- Theatrical release poster
- Directed by: Rajeev Ravi
- Screenplay by: Santhosh Echikkanam
- Story by: Rajeev Ravi
- Produced by: K. Mohanan Seven Arts; Vinod Vijayan
- Starring: Fahadh Faasil; Andrea Jeremiah;
- Narrated by: Sunny Wayne
- Cinematography: Madhu Neelakandan
- Edited by: B. Ajithkumar
- Music by: K
- Production company: D Cutz Film Company
- Distributed by: E4 Entertainment
- Release date: 4 January 2013;
- Running time: 167 minutes
- Country: India
- Language: Malayalam

= Annayum Rasoolum =

Annayum Rasoolum is a 2013 Indian Malayalam-language romantic drama film directed by Rajeev Ravi (in his directorial debut) and written by Santhosh Echikkanam from a story by Rajeev. Set in Vypin islands in Kerala, the plot revolves around a star-crossed romance between Rasool (Fahadh Faasil), a Muslim taxi driver, and Anna (Andrea Jeremiah), a Latin Catholic salesgirl, both from conservative working class families. The songs and background score were composed by K.

Annayum Rasoolum was released on 4 January 2013, the film received positive critical response and was also a commercial success at the box office. The film won a National Film Award and three Kerala State Film Awards.

==Plot==

The story is told through the narration of Ashley, an Anglo-Indian man who is working in the merchant navy and signing off in Kochi for the second time. Ashley recollects the events that occurred during his last sign-off at Kochi.
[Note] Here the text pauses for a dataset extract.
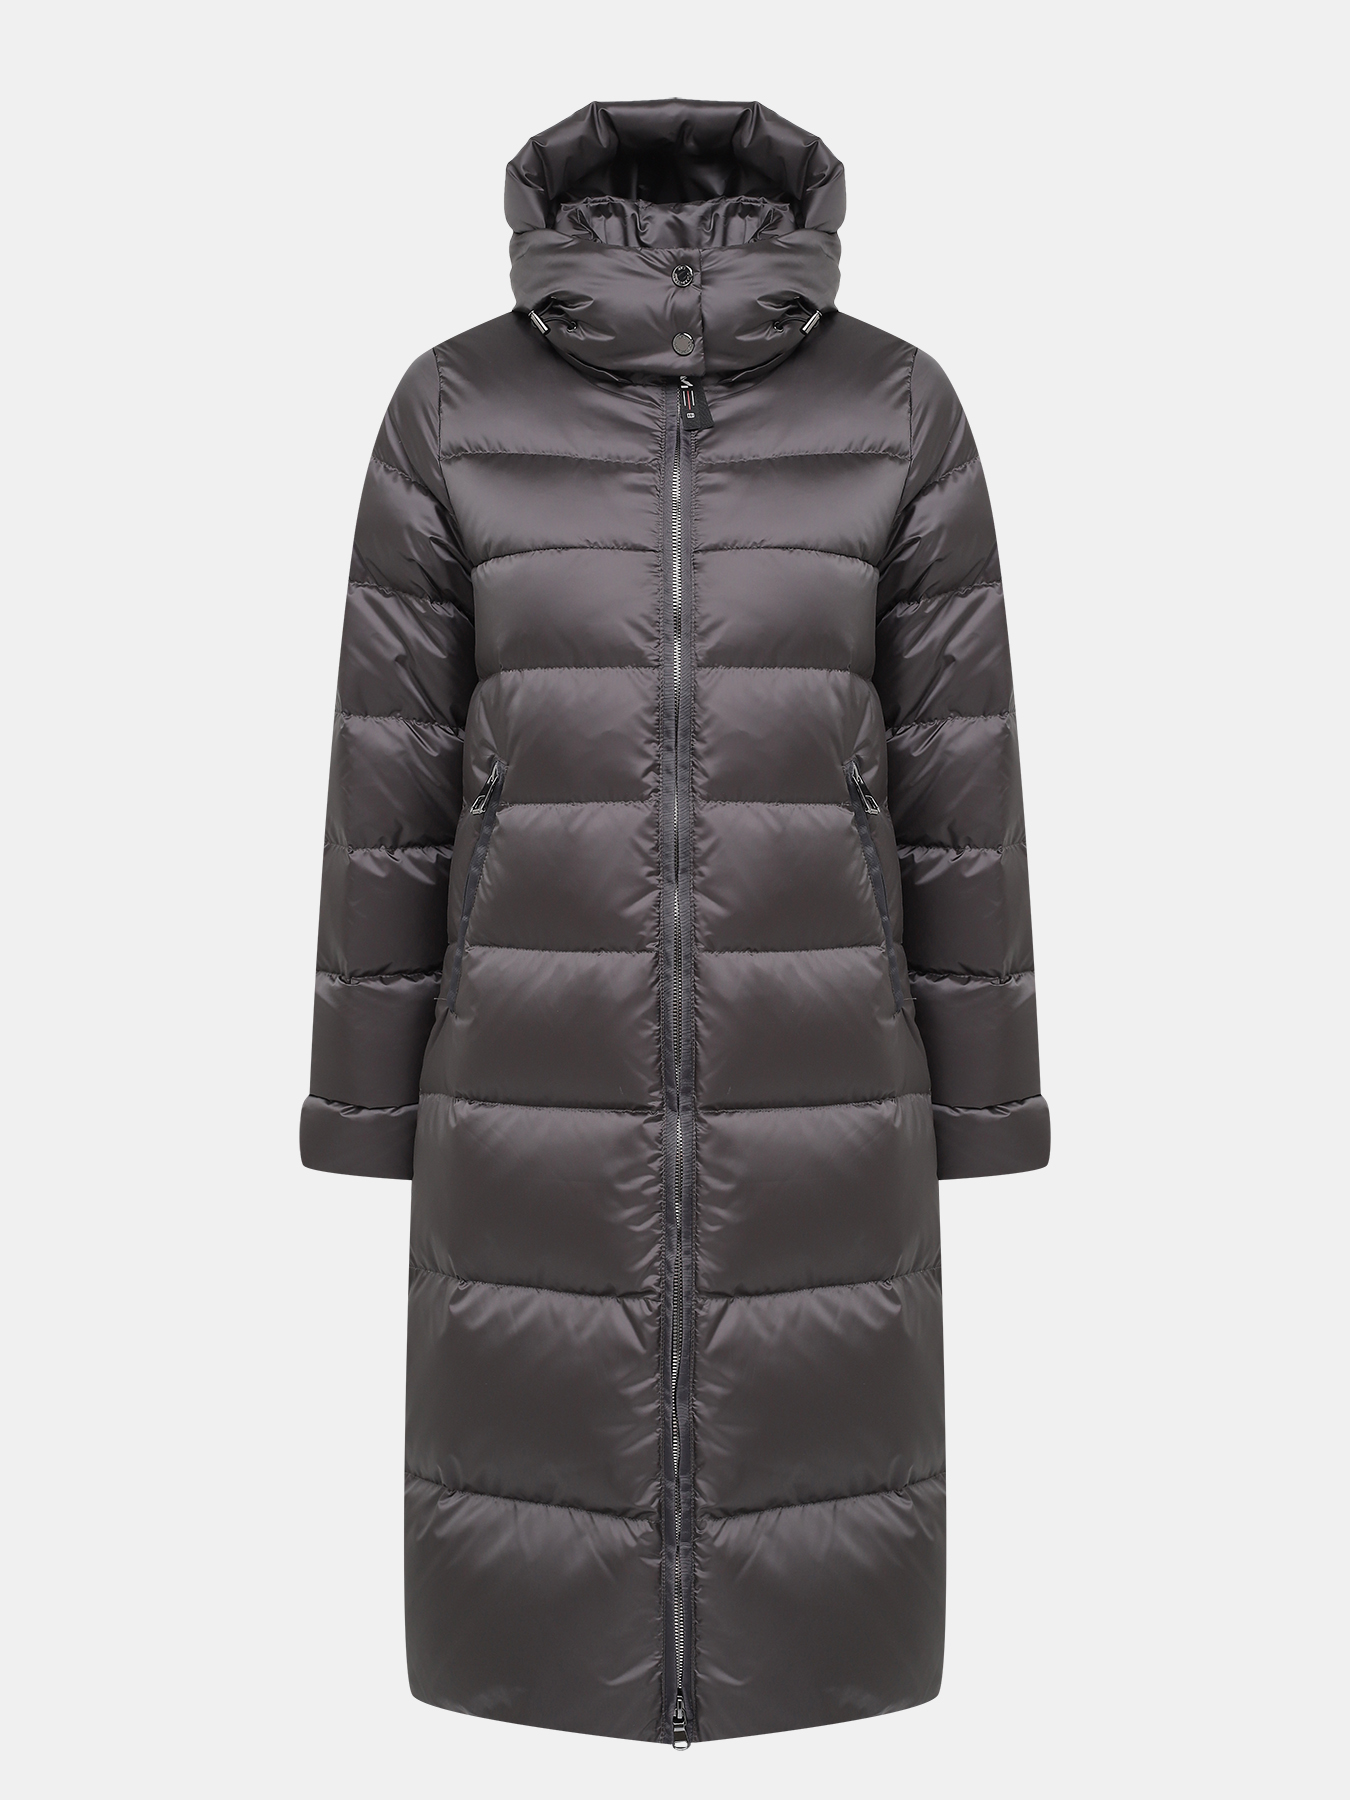 Пальто зимнее AVI 433634-021, цвет серый, размер 46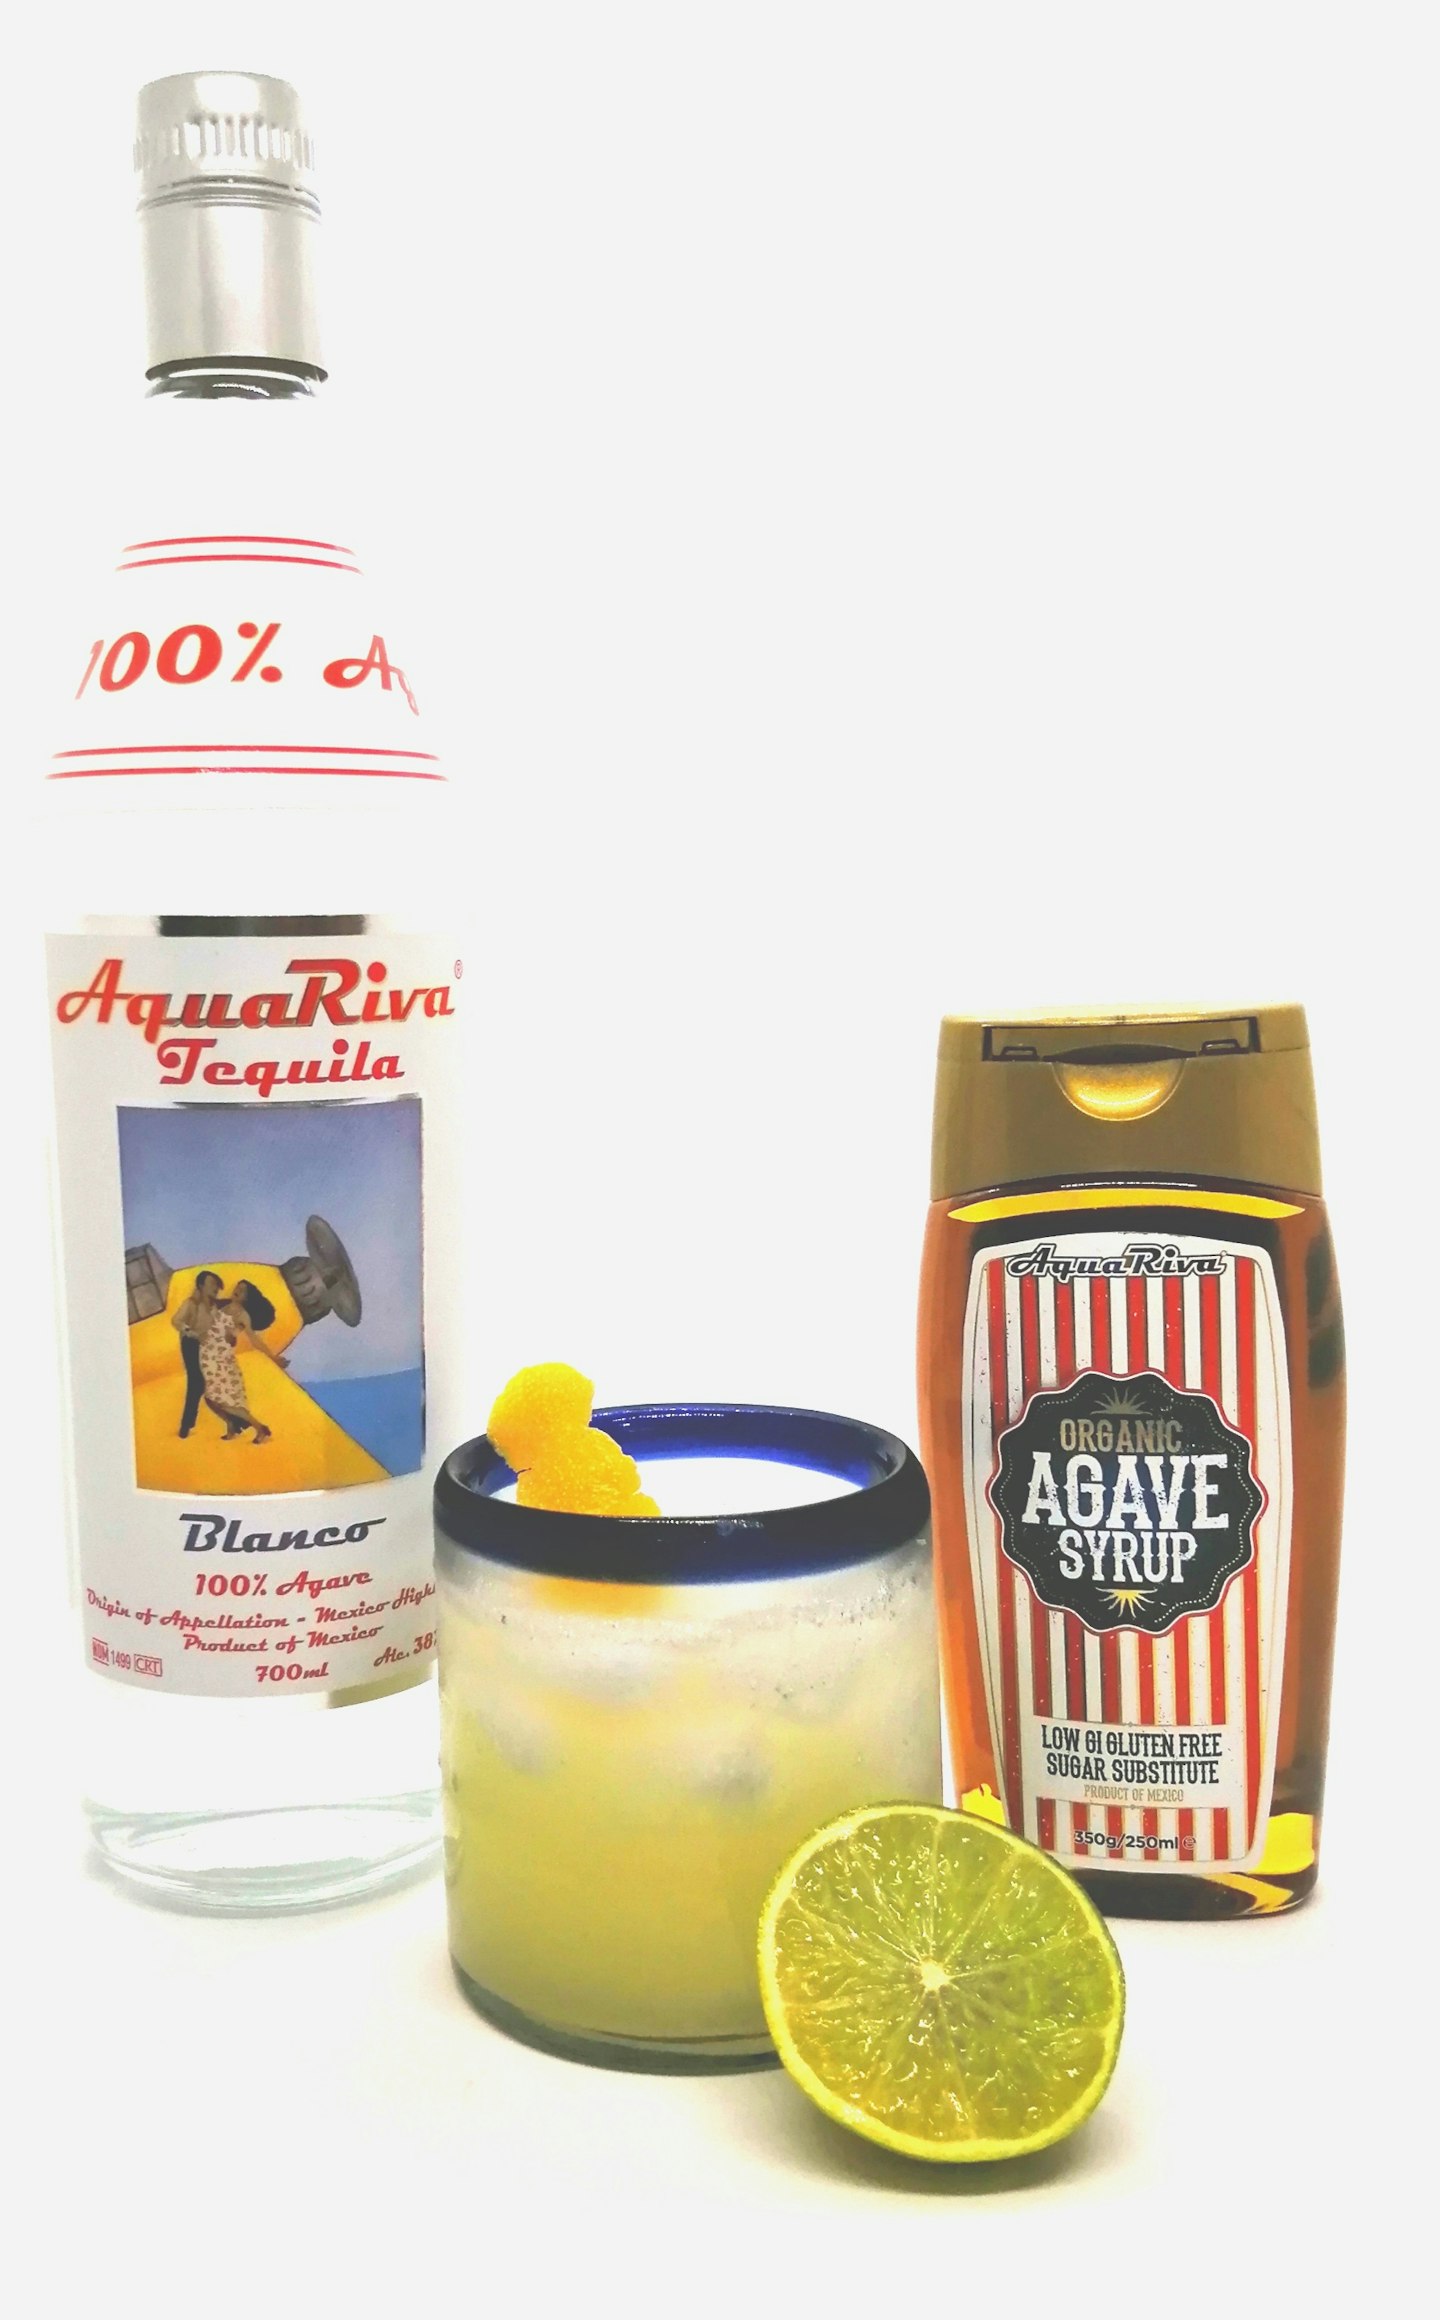 Classic Margarita Recipe

Rasool is a tourist taxi driver from Mattancherry, Kochi, who is best friends with Ashley's cousin Collin. Rasool falls in love with Anna, a Latin Christian salesgirl at an apparel shop. It takes time for Rasool to convince Anna and make her understand his love for her; he always follows her as she travels regularly to her workplace.

One day, Ashley has to pick up his relative from the textile shop. Using Rasool, he plans to pick them up in his taxi, and there he finds out that Anna is also going to return home in the same taxi. They make a quick pit stop at a church where Anna leaves her bag in the taxi. Rasool peeks inside and gets her number from the phone. Rasool is nervous and shy at first, but his friends persuade him to text her on the phone. No replies come at first. Then one day, Rasool approaches Anna and tells her that he loves her. Anna is surprised and moves away without an answer.

The following day, Rasool is sick and stays home. Anna boards the boat like every other day, but is anxious since Rasool was not around anywhere she went that day. Anna seems restless and cannot stop thinking about Rasool and why he has not come to see her. She cannot wait any longer, and desperately texts Rasool on his phone. Upon receiving the message, Rasool rushes to see Anna. Anna tells him that she is scared and that things between them will not work out. Rasool tells her that he loves her no matter what, and religion does not figure in his affection towards her. One day, Anna calls him to take him to a convent, where a nun tries to persuade Rasool to change his religion for marriage, which he declines.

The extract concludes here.